Overview
Starting with version 8.2.0, the ESMF team has moved to a more frequent release cadence with new releases anticipated approximately every six months. This approach helps to ensure that new features, bug fixes, and optimizations are available more frequently in official releases of ESMF.
Highlights of the 8.2.0 release are outlined below. A detailed list of release notes is also provided below.
The NUOPC run sequence feature has proven a viable formalism to capture and express the control- and data-flow among the components of a wide range of coupled applications. Recent application work has demonstrated the need for more succinctly specifying conditional execution of run sequence elements. This release extends the NUOPC RunSequence syntax to include Alarm Blocks. Alarm blocks allow the user to specify if certain run sequence elements should be called less frequently than the parent timestep.
Several groups have started implementing exchange grids in their modeling systems, including within NUOPC Mediators. To facilitate these efforts, the ESMF_XGrid support was extended in this release. It now includes the use of all ESMF regridding methods (bilinear, patch, etc.) and options (extrapolation, regridding status, etc.) when regridding to or from Fields built on exchange grids.
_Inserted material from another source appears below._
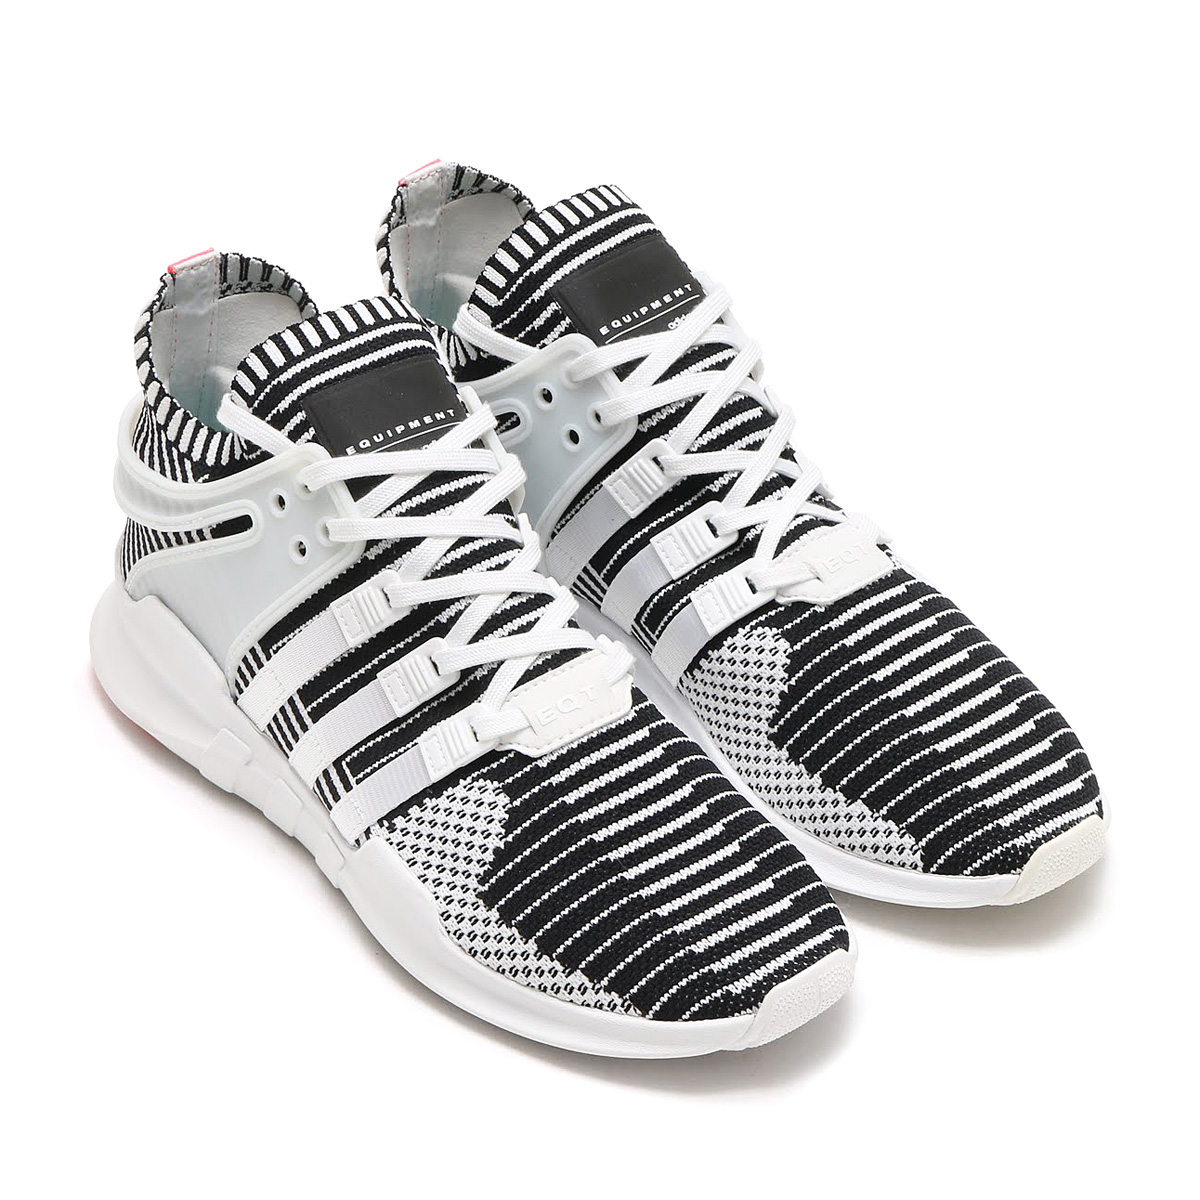 adidas Originals EQT SUPPORT ADV PK(アディダス オリジナルス エキップメント サポート) RUNNING WHITE/RUNNING WHITE/TURBO【メンズ スニーカー】17SS-I
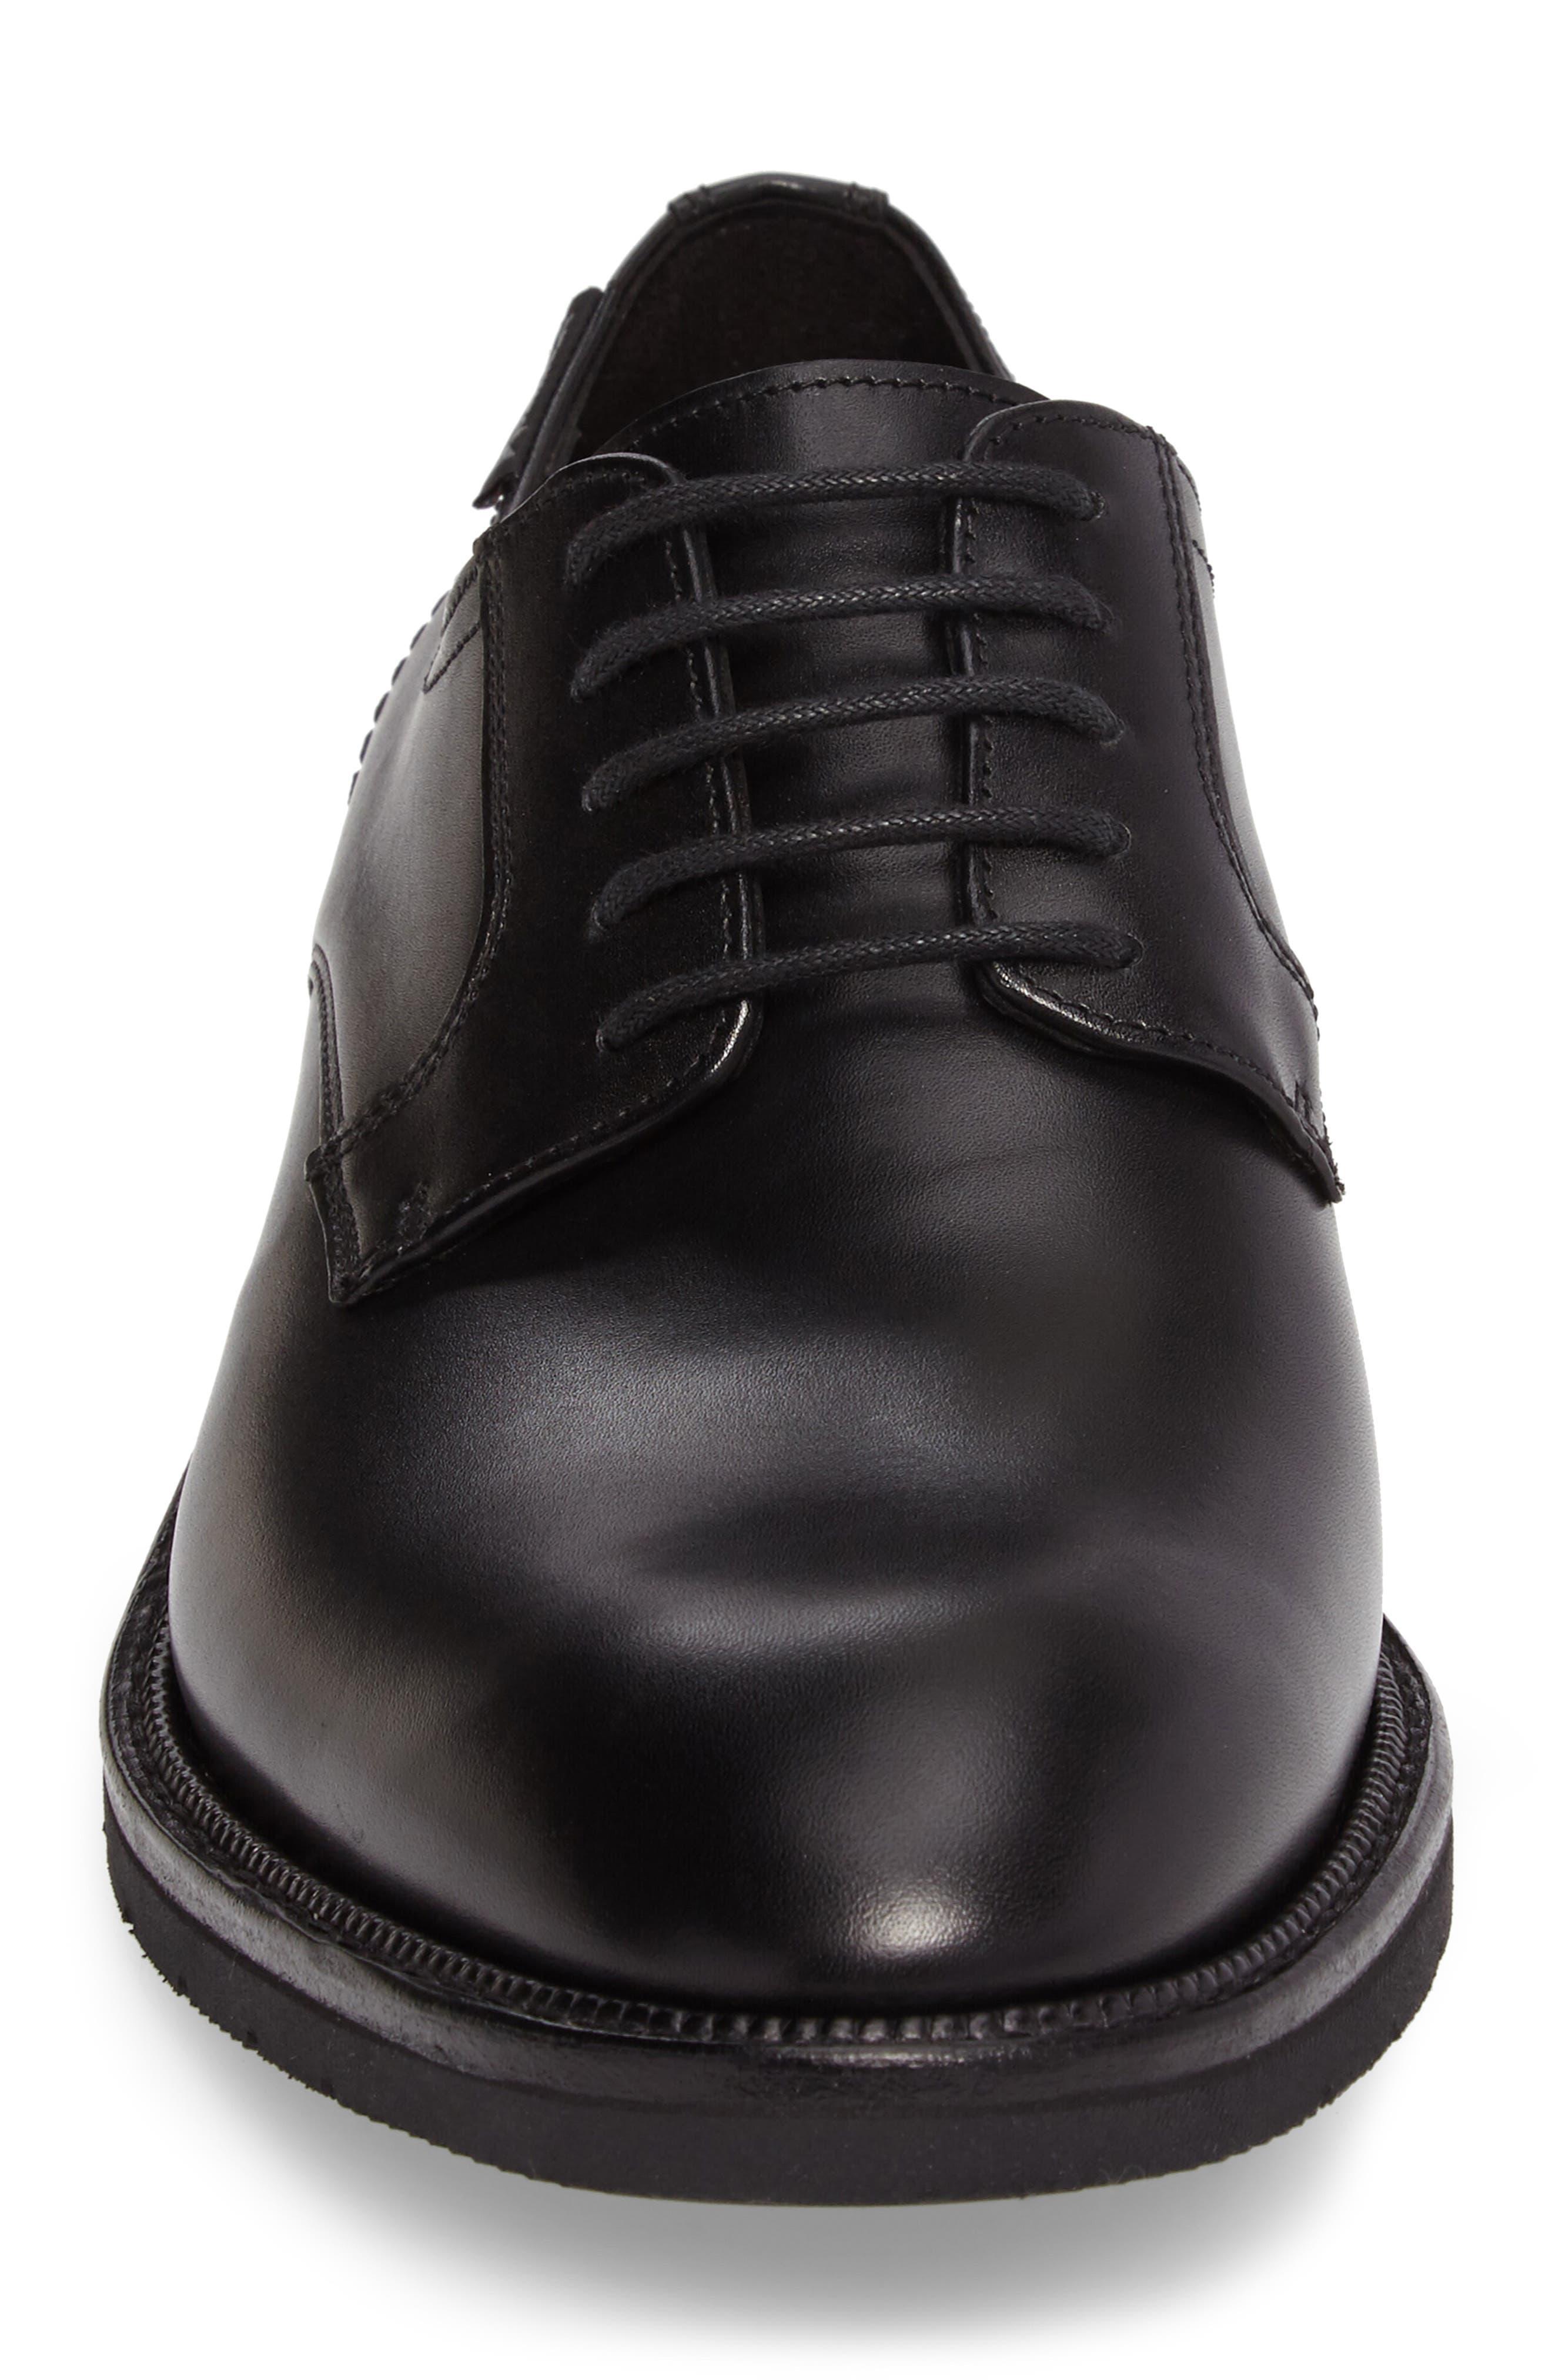 Taylor Plain Toe Derby,                             Alternate thumbnail 4, color,                             Black

A number of issues were uncovered during the deployment of the ESMF-managed threading and resource control features. This release addresses these issues, and the NUOPC level support for resource control and handling of threaded components is now more robust and has been demonstrated in several large-scale applications. This feature allows model components to independently set OpenMP threading levels so that all components in a coupled system are best utilizing available HPC resources, based on their individual scaling profiles.
The VMEpoch feature is an important communication optimization used by the NUOPC_Connector, and by some applications directly. This release fixes a problem that was encountered when using VMEpoch with any of the Redist() methods. The release also addresses an out-of-memory issue that can be triggered when the sending side runs many iterations ahead of the receiving side, by introducing automatic message throttling. Finally, a new reference manual section is available that describes the use of VMEpoch for asynchronous RouteHandle communications.
The process of replacing the native ESMF mesh implementation with the MOAB library, developed by the U.S. Department of Energy, is continuing. This release makes the MOAB mesh backend available to ESMPy users by calling Manager.set_moab(). This option allows users to test the impacts of using the MOAB mesh backend instead of the default native mesh through ESMPy.
Release Notes
- This release is backward compatible with the last major release update, ESMF 8.1.0 and patch release ESMF 8.1.1, for all the interfaces that are marked as backward compatible in the Reference Manual. There were API changes to a few unmarked methods that may require minor modifications to user code that uses these methods. The entire list of API changes is summarized in a table showing interface changes since ESMF_8_1_0, including the rationale and impact for each change.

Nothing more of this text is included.